Discussion about the IDSA

Richard Kuchinsky,

Sorry, been away from this thread for a few days. I appreciate your helpful opinions and accept your assertion that you aren’t angry. You have to excuse me for seeing your statement " but I think the attitude that IDSA is so great and infallible is part of the problem" as being something less than benign. As I said earlier, no one at IDSA thinks we are great and infallible. We appreciate everyone’s interest in improving IDSA and would love to have you become involved in doing so. We do have Canadian members, just as we have European and Asian members.

George

Adding to the following posts.

RE: “… yet I firmly believe that Interaction Design is, in-fact, Industrial Design…” (Chris Gielow)

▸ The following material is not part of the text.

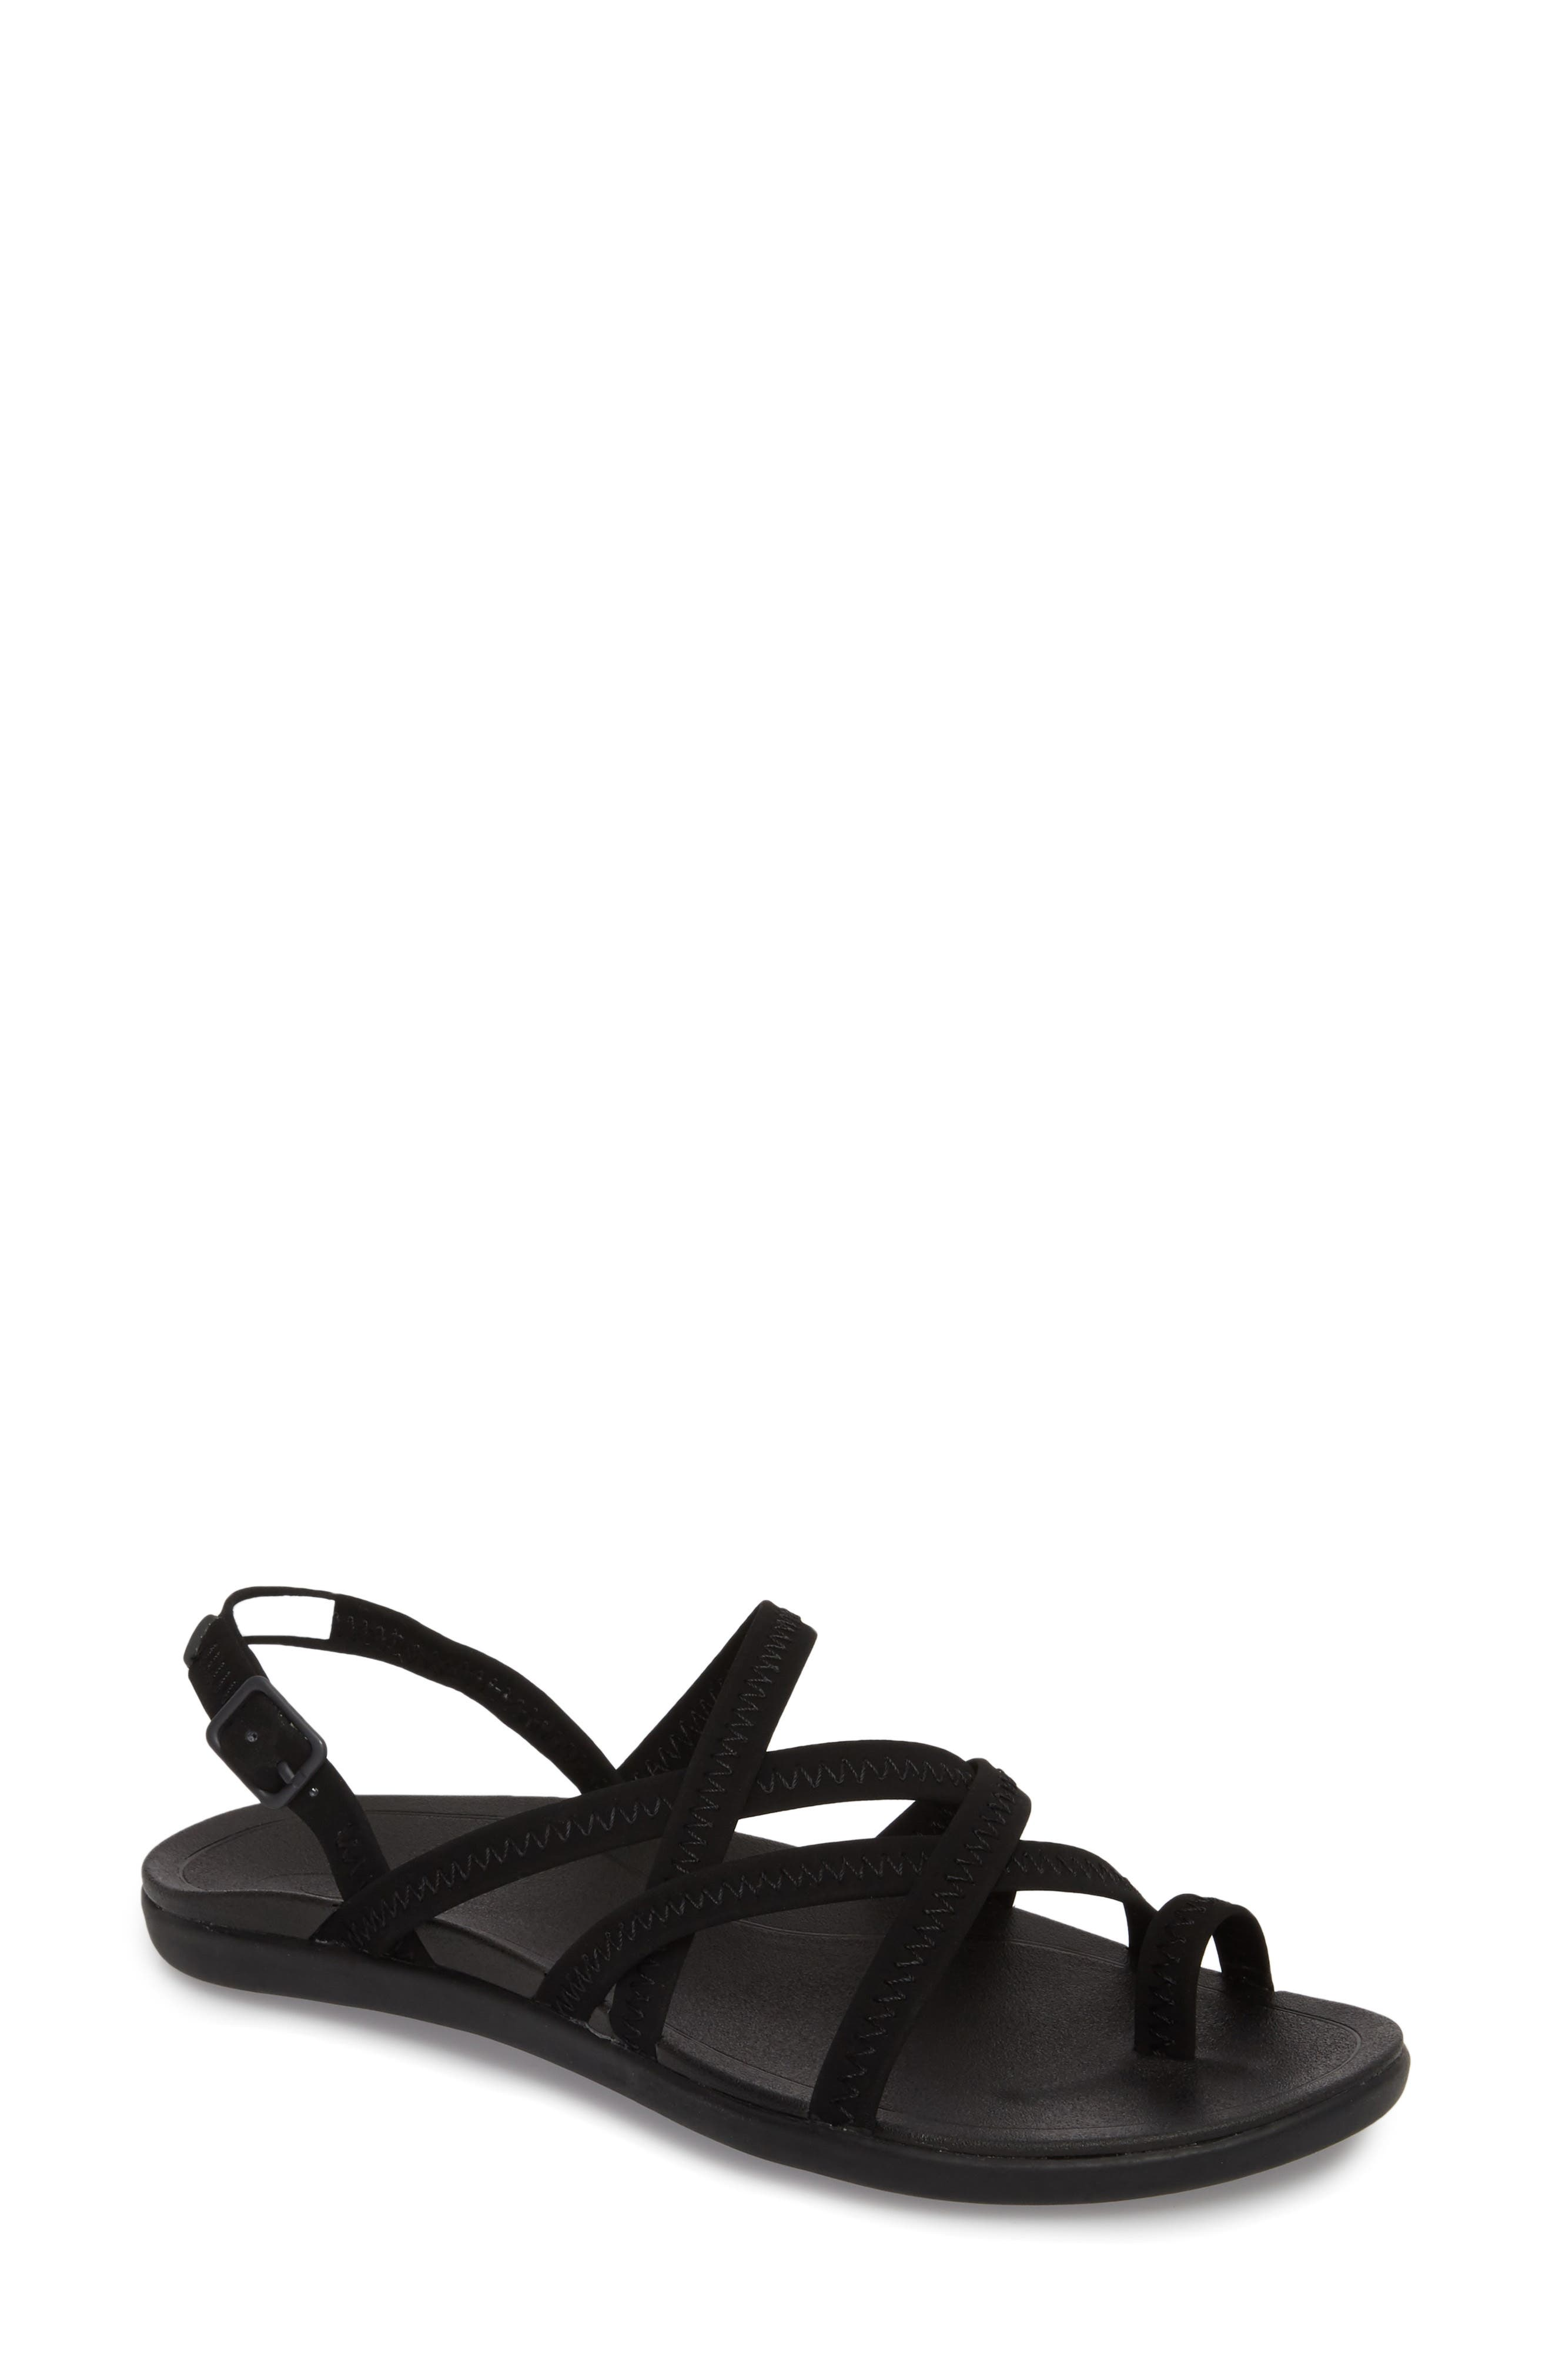 Kalapu Sandal,                         Main,                         color, BLACK/ BLACK FAUX LEATHER

My design education was in interaction design & I’ve been a practicing interaction designer since the early 90’s working in tech. Interaction design is not industrial design. Its role is architectural. It does embraces ID as it does ethnography, design research, graphic design…etc. Interaction design is parallel to film direction or architecture. I’d be happy to discuss this further off-thread. I draw these parallels based on the required rigor in education & training, the required breath of multi-disciplinary knowledge, and the way interaction design collaborates and lead other creative, science, engineering, and business peers in a team. Despite having no peers when I first joined, I found IDSA (mostly IDSA-NY) enriching & accommodating as a design association. And despite the lame 20th century name, IDSA brings under its umbrella many design and non-design disciplines. Other associations I belong to cover similar disciplines but done are creative centric. And I am happy to contribute to the evolution that IDSA (and its investments in education) is making so that interaction designers are the future key drivers of the organization. I hope you will be interested and enthusiastic in contributing.

RE: “…individuals seem like we can advocate far more effectively…“…Right now IDSA is a $300 subscription to a bad magazine. There has to be a lot more to it than that…” (Michael DiTullo)

There is alot more. In my experience, professional organizations like IDSA are far more effective than individuals because it functions like an open source platform for its members to contribute & change, so everyone evolves & thrives together.

Highly effective professional orgs do 3 things:

(1) Provide legitimacy through licensing/accreditation for members i.e. definition of qualifications & legal responsibilities, and assuring high standards of practice
(2) Define core values of the profession and promote them e.g. education, job training, outreach, & political advocacy
(3) Provide community & content for members to foster collaboration, & extend their professional friendships/networks
Community & content: (a) Supports members to mentor educators, students, and new professionals; (b)Support members in networking; (c) Develop programs/resources for members to improve skills and knowledge; (d) Support members through different career stages; (e) Be the historical archive of the profession

While item 1 is a non-starter as far as IDSA is concerned (as well as AIGA, HFES, SGICHI, IxDA…etc), IDSA has been super aggressive and show continous improvement in terms of effectiveness in 2 & 3. Since my student days, I’ve always believed IDSA is valuable because I’ve always pay for it myself. To me, IDSA is a $300 opportunity to add to the source code and create benefit to my peers and future peers.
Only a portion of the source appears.